Say what you want about the script and few people will argue. Only someone suffering from a Bye Bye Man hallucination would defend the writing as a highlight. But effort put into production value is another story.
“The Bye Bye Man” opens on a continuous shot that would make Brian De Palma jealous, and choreographs intense action into its flashback for a pretty powerful prologue. First up after switching to present day is a boom shot establishing a campus from overhead. A lazy horror film would only plop down a tripod, yet this crew is going up on a crane. Wherever the movie may cut corners, it isn’t in camera setups. Economically creative cinematography almost earns “The Bye Bye Man” an ‘A’ for above average presentation.
Back to the screenplay. That’s where “The Bye Bye Man” leaves an elephant, lion, and bear in the room that there are no ways to ignore.
For all the flaws that are forgivable, an unpardonable sin is that the titular terror isn’t intriguing. The Bye Bye Man’s skinny silhouette and simple hooded robe have him looking like Tobin Bell’s Jigsaw. He doesn’t speak. His dog does any dirty work, which isn’t even very dirty. Worst of all, the Bye Bye Man doesn’t have an origin.
Maybe the source story the film is based on, “The Bridge to Body Island” by Robert Damon Schneck, explains why the Bye Bye Man has a hound of Hell at his side to begin with. Maybe it explains why he rides a ghost train bearing repeating numbers, or drops gold coins on the floor to announce his presence. What we know for certain is that this adaptation explains none of these things, leaving the movie’s main man to be a mishmash of mythology without context. Without context, what exactly is supposed to be scary? Scratch marks etched into brick walls?
Jonathan Penner’s script sets aside space for emotional beats involving Elliot’s older brother and niece, as well as the testy triangle with his other two roommates. However, “The Bye Bye Man” never gets around to doing any essential development on side stories. Characters come off kind of vacuous, more or less functioning as punching bags and pincushions for Bye Bye Man and plot progression to manipulate however they please.
Still, even the collective weight of suspect CGI, underused star power, overly on-the-nose use of “Bye Bye Love” on a car radio, and the oddest relationship any student has ever had with a university librarian, who also has peculiar timing for when to walk in the road, can’t add up to a complete dealbreaker. Why? Because this is par for the course among the film’s potboiler peers.

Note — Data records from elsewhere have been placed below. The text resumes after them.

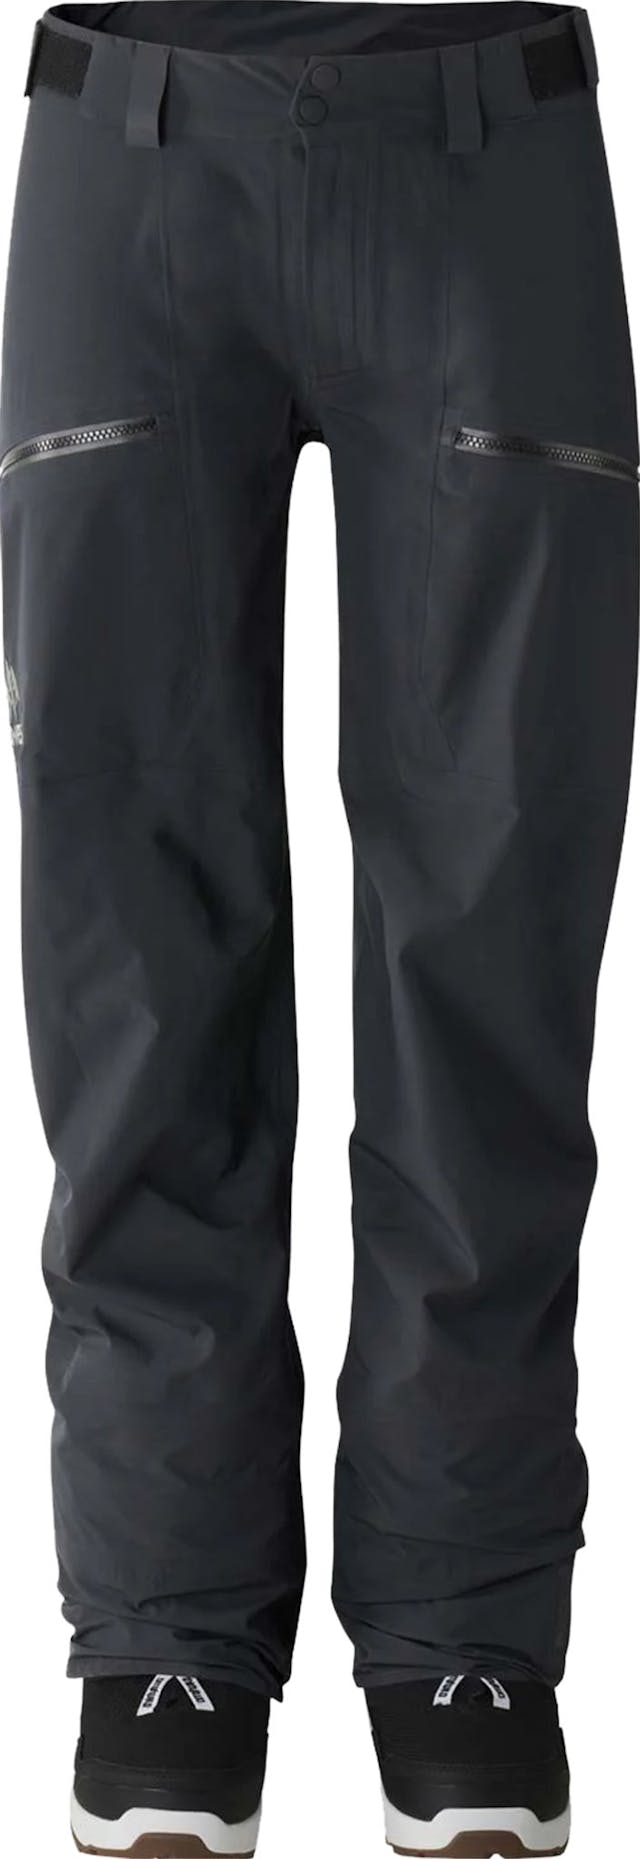 Product image for Shralpinist Stretch Recycled Pants - Women's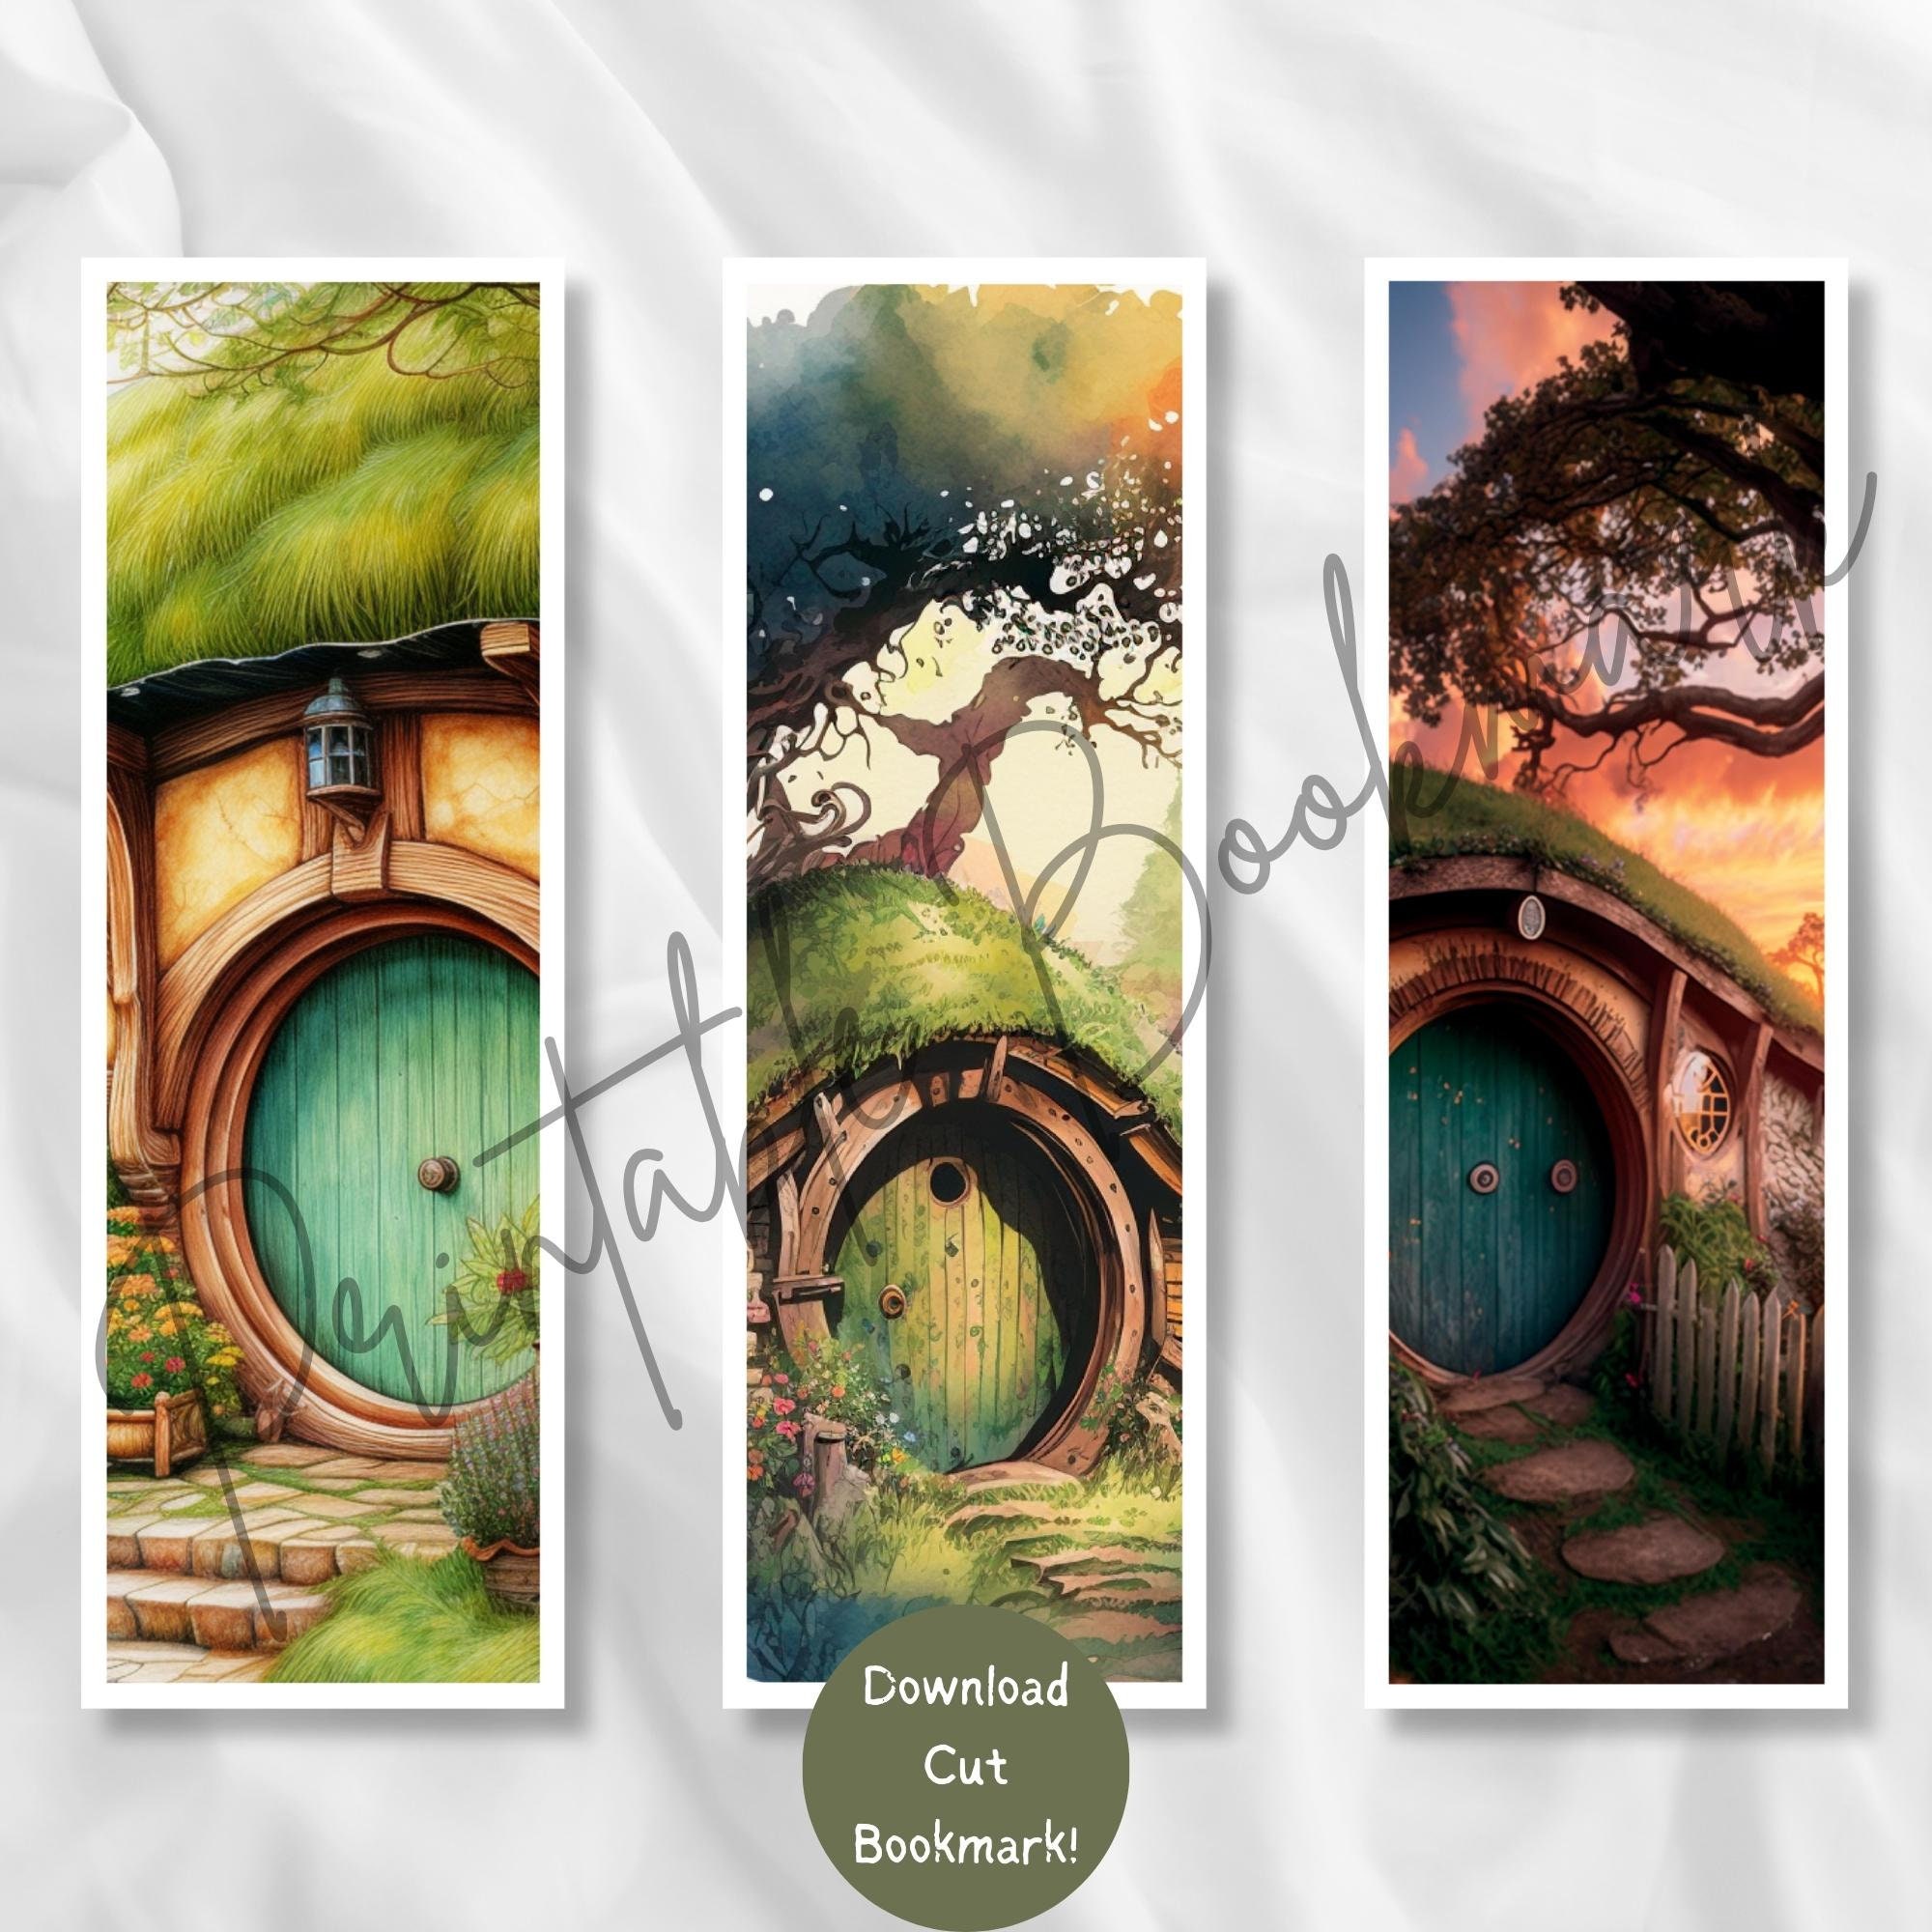 Rustic Hobbit Hole of the Shire Map Hobbiton Art Decor, Lord of the Ring  Hobbit Hole Art Poster, Decor, Wall Art, Gift, Instant Download 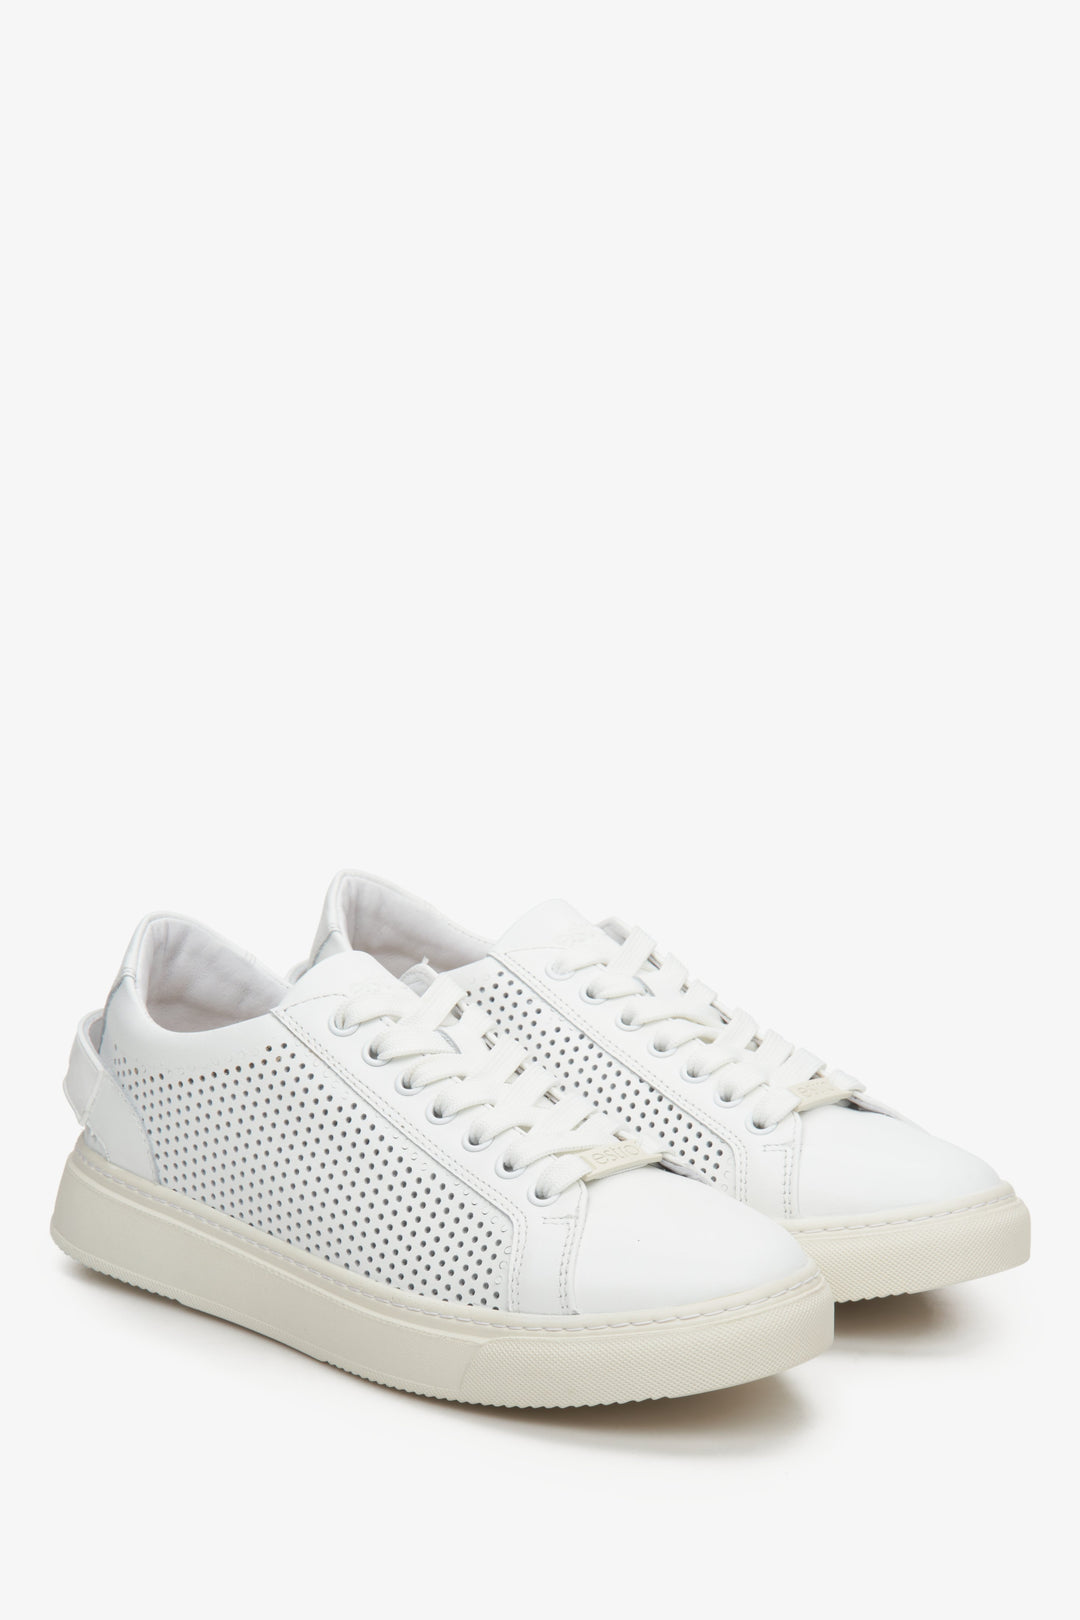 Women's white leather Estro sneakers with perforation for fall/spring.

“The Bye Bye Man” is as good/bad as “Rings” (review here), the first “Ouija” (review here), or any other go-to example of rubber-stamped, studio-style scares. What this means to say is there is a place for this kind of formulaic fright film. That place may not be on the home video shelves of hardcore horror fans. But for online streaming queues with indiscriminate interests in supernatural suspense, it fits as fair filler.